Australia's highest aviation award

The Oswald Watt Gold Medal is an Australian aviation award presented by the Royal Federation of Aero Clubs of Australia (RFACA), and has been described as Australia's highest aviation award.
It is awarded for "a most brilliant performance in the air or the most notable contribution to aviation by an Australian or in Australia". Established in 1921 following the death of Oswald Watt, the medal has recognised both notable flights and broader contributions to Australian aviation, and is awarded on merit rather than on an annual basis.

==Background==

The medal is named after Lieutenant Colonel Walter Oswald Watt (1878–1921), an early Australian military aviator and a leading figure in the Australian aero club movement. Watt became the first Australian military officer to gain a pilot's licence in 1911 and later served with distinction in the French and Australian flying services during the First World War. After returning to Australia, he became foundation president of the New South Wales Section of the Australian Aero Club in 1919 and played an important role in the development of civil aviation regulation in Australia.

Following Watt's death in 1921, he left £500 in his will to the Australian Aero Club to fund a gold medal to be presented each year to the aviator who achieves "the most brilliant performance in the air" by an Australian or in Australia.

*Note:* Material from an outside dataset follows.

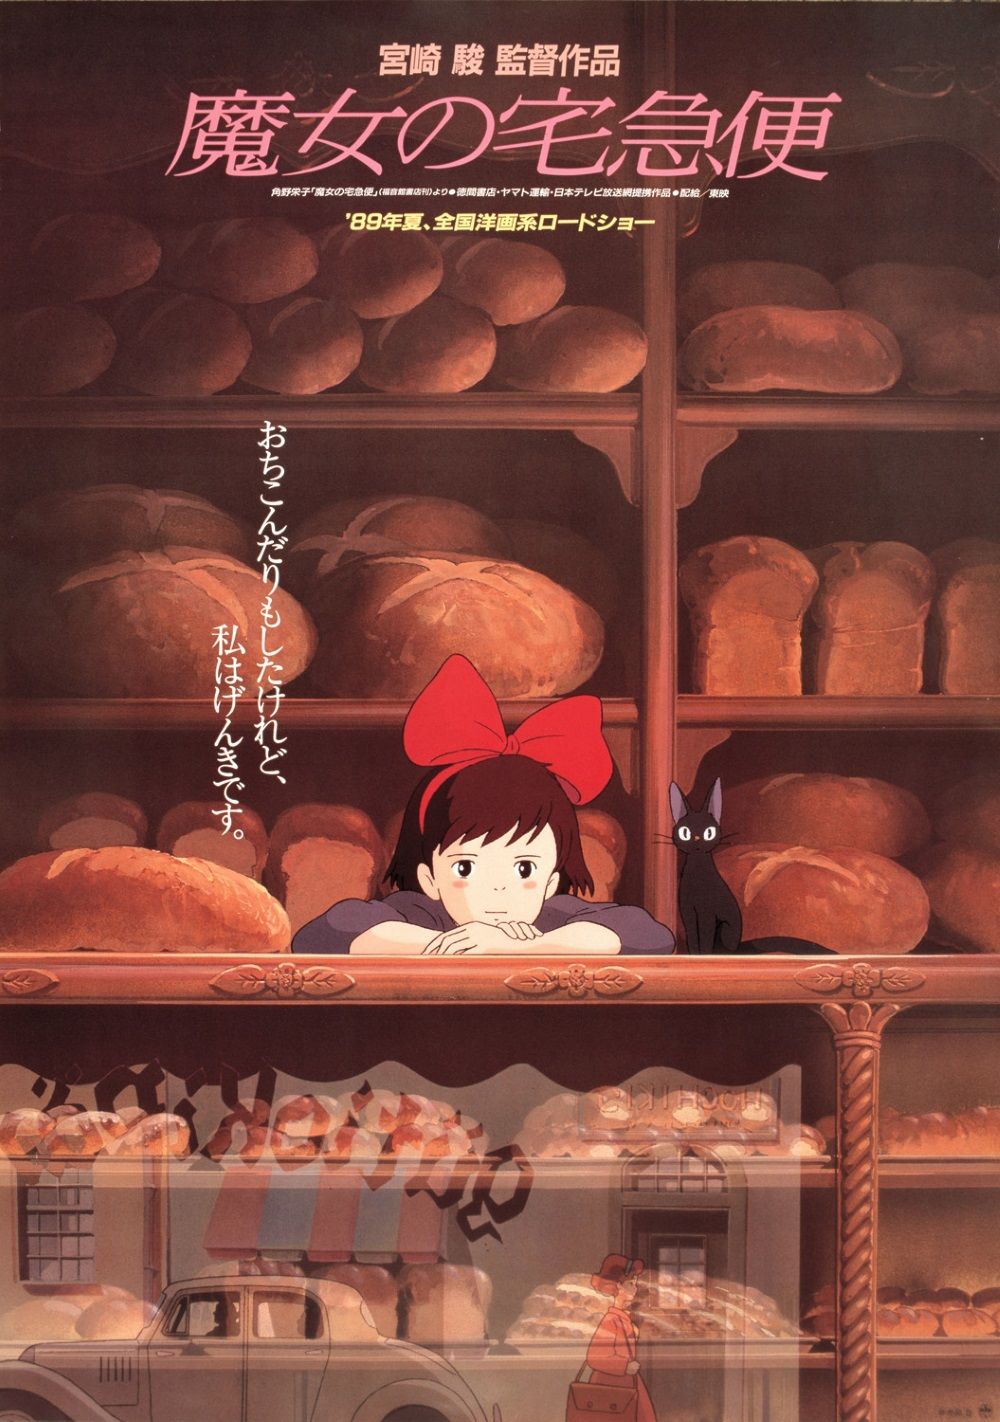 Alla (ri)scoperta dello Studio Ghibli: Kiki - Consegne a domicilio
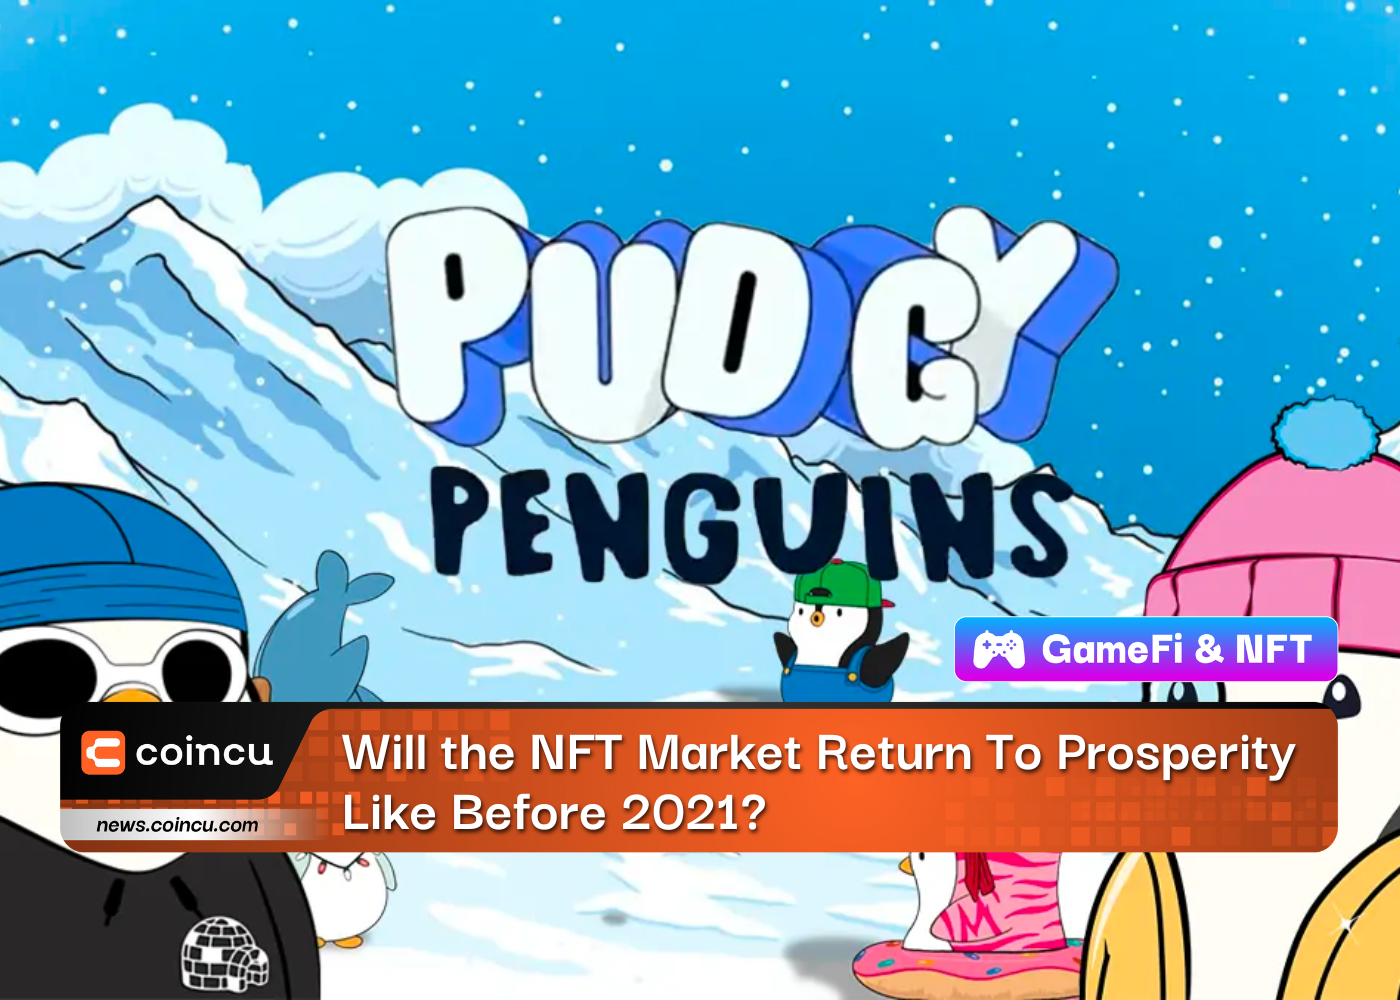 NFT Project Pudgy Penguins Secures $9 Million

The first awards were approved retrospectively in 1927, after the bequest and administration of the medal had been settled. The medal has since been administered by the national aero club federation under its successive names, from the Australian Aero Club Federal Council to the Royal Federation of Aero Clubs of Australia.

==List of recipients==
The list of recipients includes many of the best-known names in Australian aviation, including Bert Hinkler, Charles Kingsford Smith, Hudson Fysh, and Dick Smith.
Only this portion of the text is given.